5. At The New Moon, I Should Re-Create My Vision Board

Even though I made a vision board at the beginning of the year, the angels say I should recreate a new vision board — and make it focused on what I really want: love. One of the cards I selected highlighted the new moon as an important guide for me, so the new moon is an ideal time for me to do this — it’s when my personal energy will be the strongest.

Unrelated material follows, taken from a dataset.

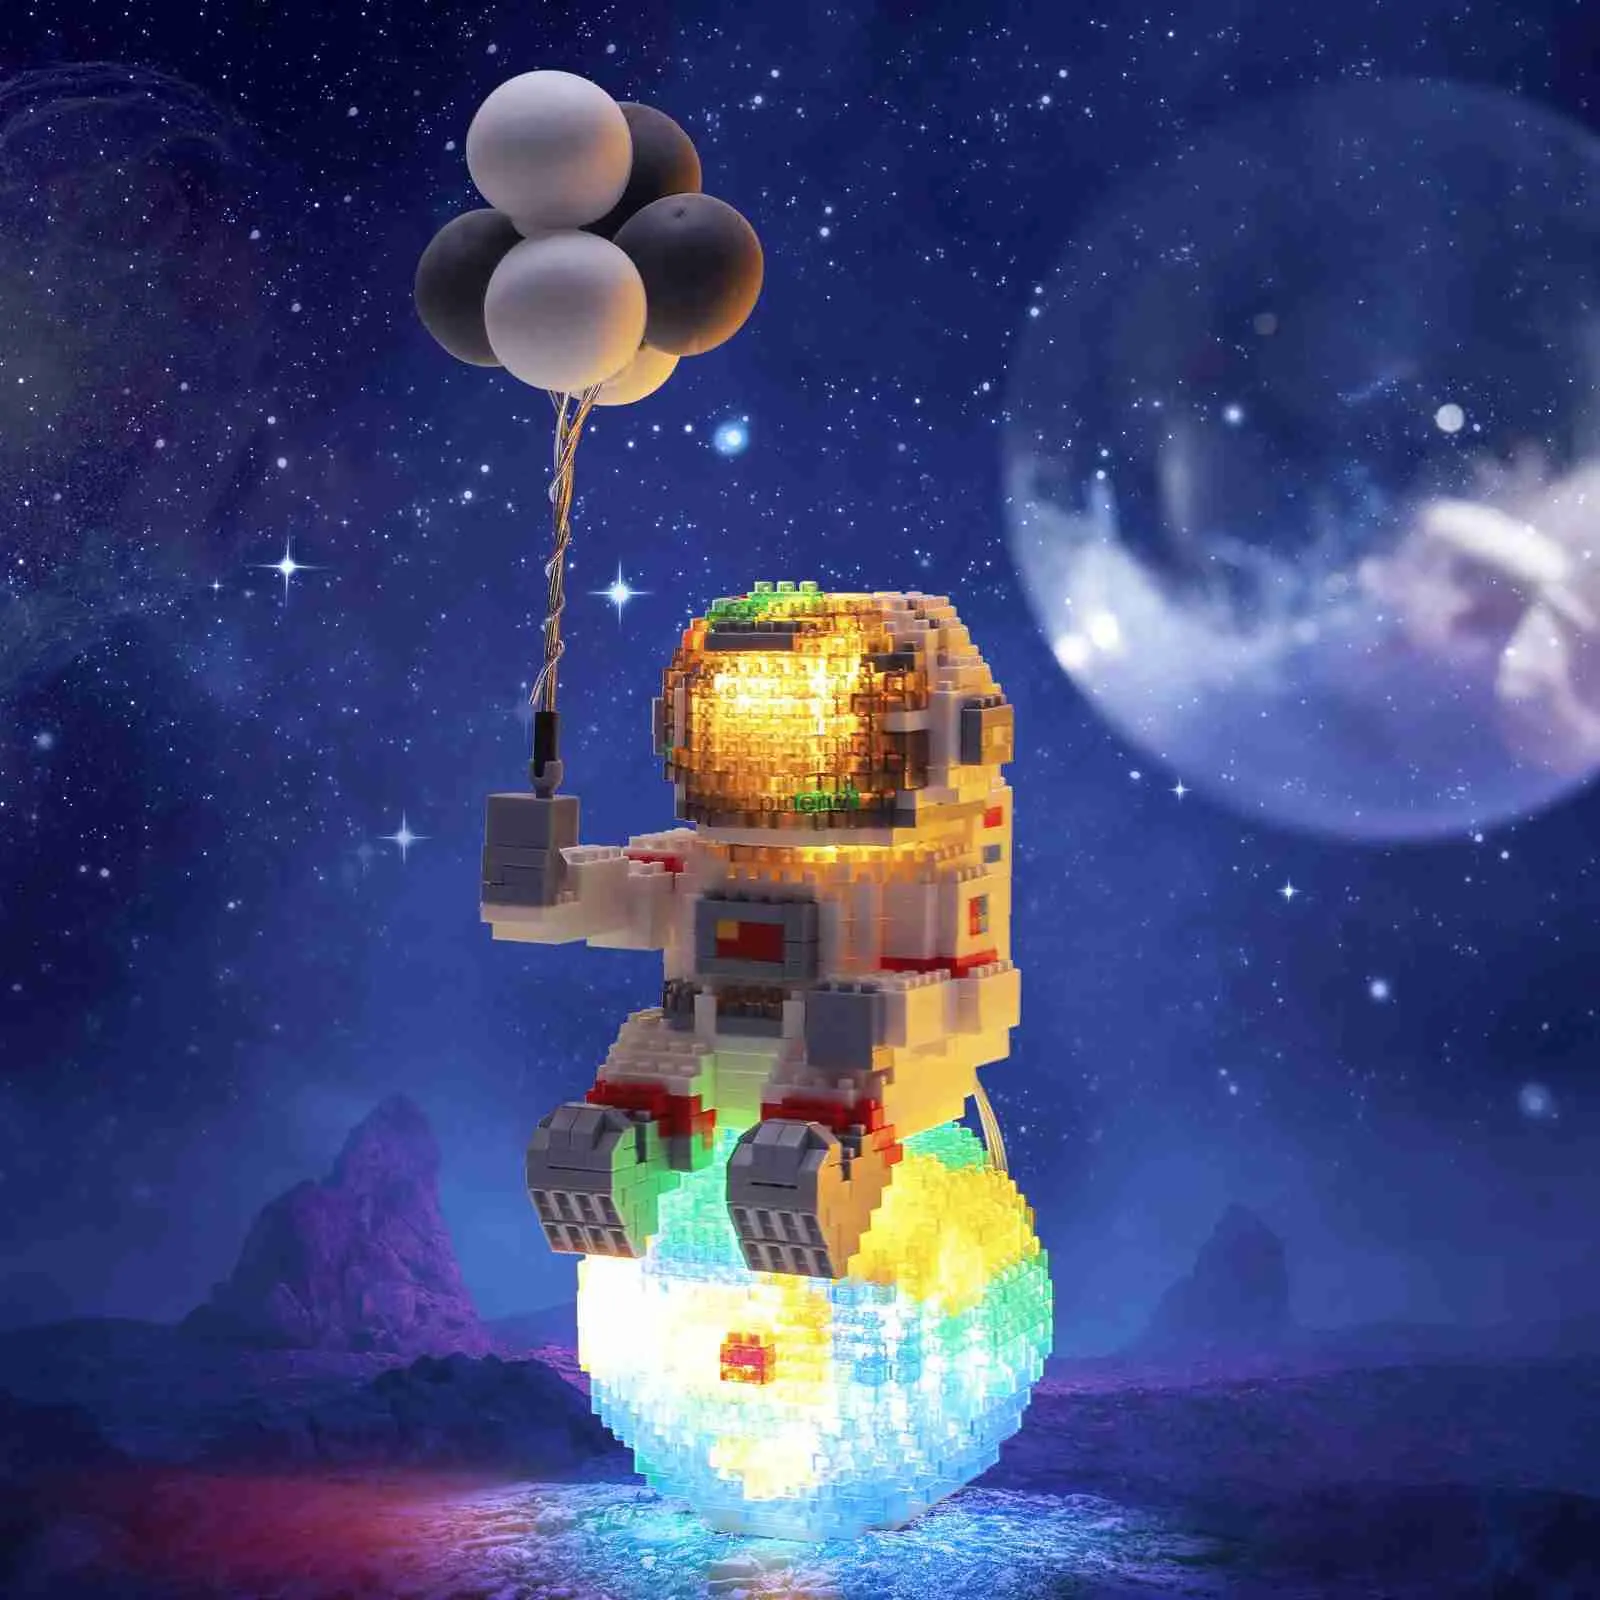 ブロック宇宙飛行士ビルディングブロックは軽いマイクロスペースムーンアースダイヤモンドディーおもちゃレンガコンストラクターおもちゃを友達男の子の女の子ギフト用

6. Overall, It's Important For Me To Get Back To My Roots

The biggest advice from my angels were to remember who I was before I spent the last four years getting disappointed (over and over again) by dating. And though I've been feeling bitter, angry and frustrated lately, that negativity isn't my personality and by doing the above, I'll help myself get out of the rut that I'm in. The way I was raised was simple, easy and kind, and that's who I am as a person, so I could try to get back to the roots that raised me. After all, when I think about the person I want to be with, the first word that comes to mind is: genuine. So shouldn’t I work on getting back to my genuine self? The angels say so.

Now, excuse me while I open up this gratitude journal that I just bought. First up? I’m definitely thankful for all the wine that’s helping me to get up the courage to go on yet another, could-be-something date.